Mere moments after The Gunshy left the stage, Destroy Nate Allen took the floor, encouraging everyone to gather around them. They ushered people up on to the stage, along the walls, anywhere there was space for another body, and then proceeded to do their thing.

This adorably married couple from Portland, Oregon represent everything that I love about truly great punk rock. They screamed, they jumped around (a lot) and they had more fun than anyone within a five mile radius. This wasn’t so much them putting on a show as having a blast with a bunch of old friends they just met. They ran around the inside of the circle they had created, singing in peoples' faces and getting the crowd to sing along with them. They sang songs about eating more vegetables, songs about love and songs about which one of them was more punk rock (this tour it was Nate). Despite knowing who was coming next, I was genuinely sad when their set ended. Destroy Nate Allen are definitely a must see if they ever come back to Chicago.

Destroy Nate Allen (photo: Braden Nesin)
The crowd barely had a chance to order another drink before Jason Webley made his way through the crowd and did his sound check. Even that was enough to turn heads, as he played us a little ditty while he worked things out with the sound man. Sound check accomplished, he promised us he would be right back. He turned, walked off the stage, and then turned around and walked right back on again, and even though it was something of a joke it really felt for all the world like a genuine grand entrance, and from that moment on he owned the room.

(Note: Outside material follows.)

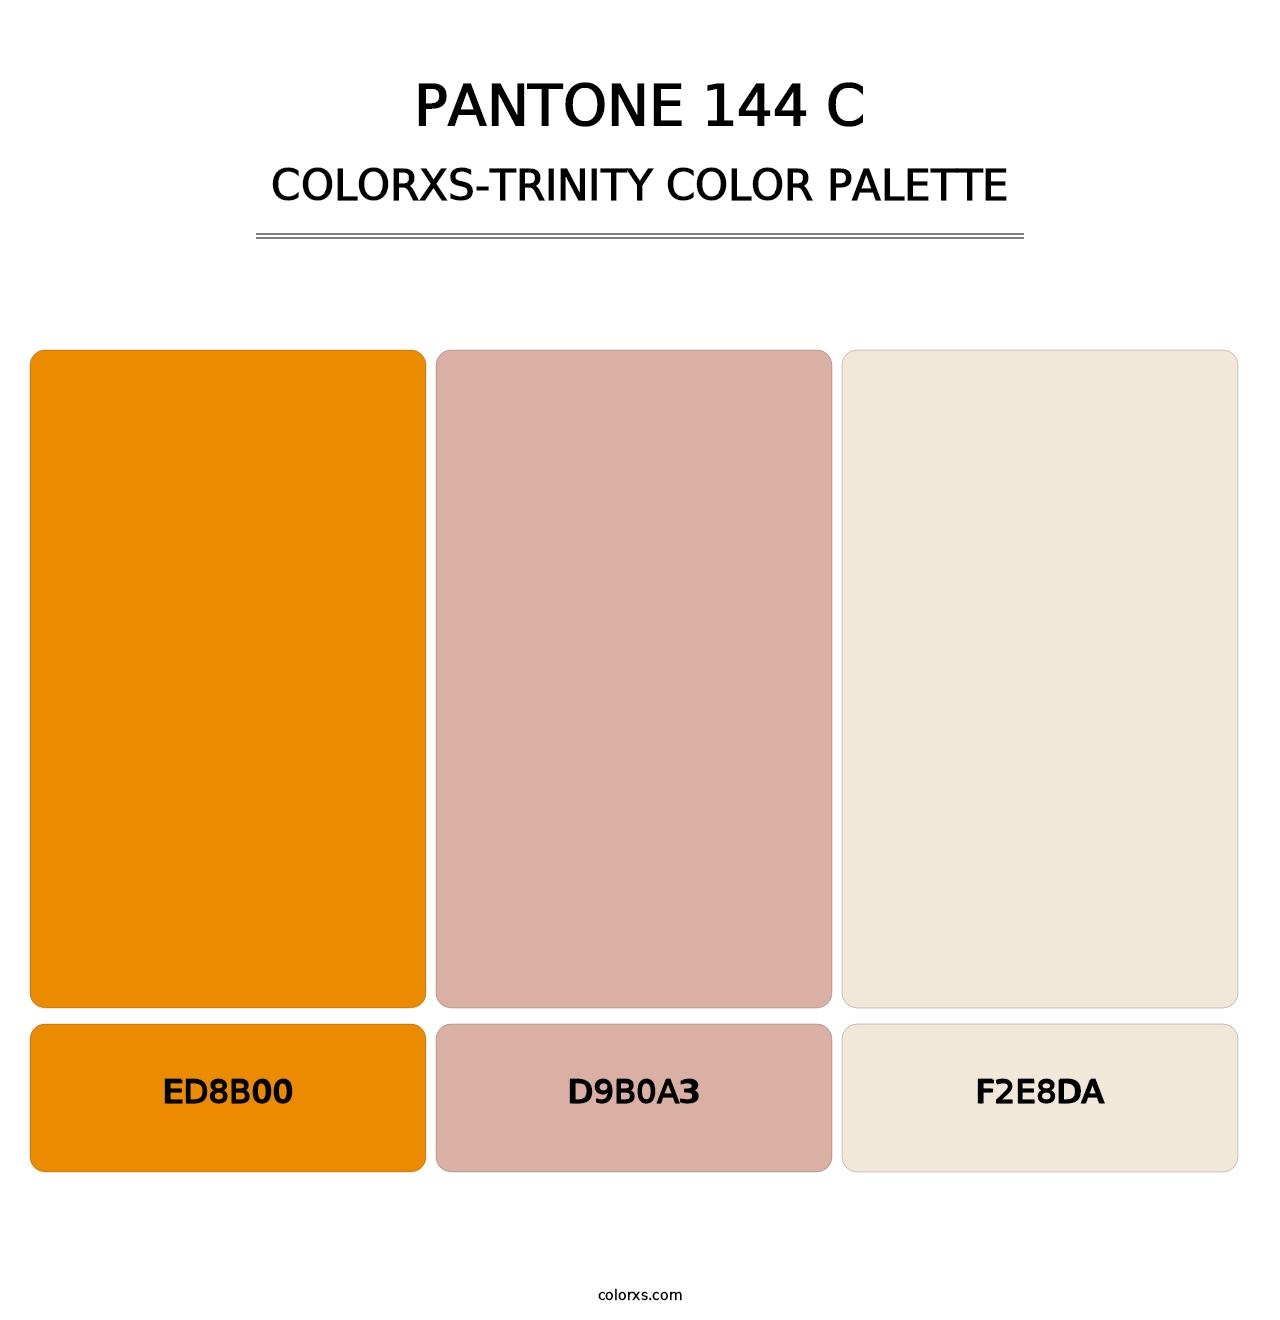 PANTONE 144 C - Colorxs Trinity Palette

He sings with such force that you can’t help but feel, on a personal level, every twist to every story he tells. He goes somewhat mad on stage -- not so much in a jumping-around-and-thrashing sort of way, but actually as if he were crazy. Heartfelt smiles turn to sinister smirks turn to screams of rage, and all in a matter of seconds. His head moves so quickly his dilapidated hat becomes a character of it’s own, flying all over the place. He tears through tunes on both guitar and accordion, stomping on a wooden board to add percussion.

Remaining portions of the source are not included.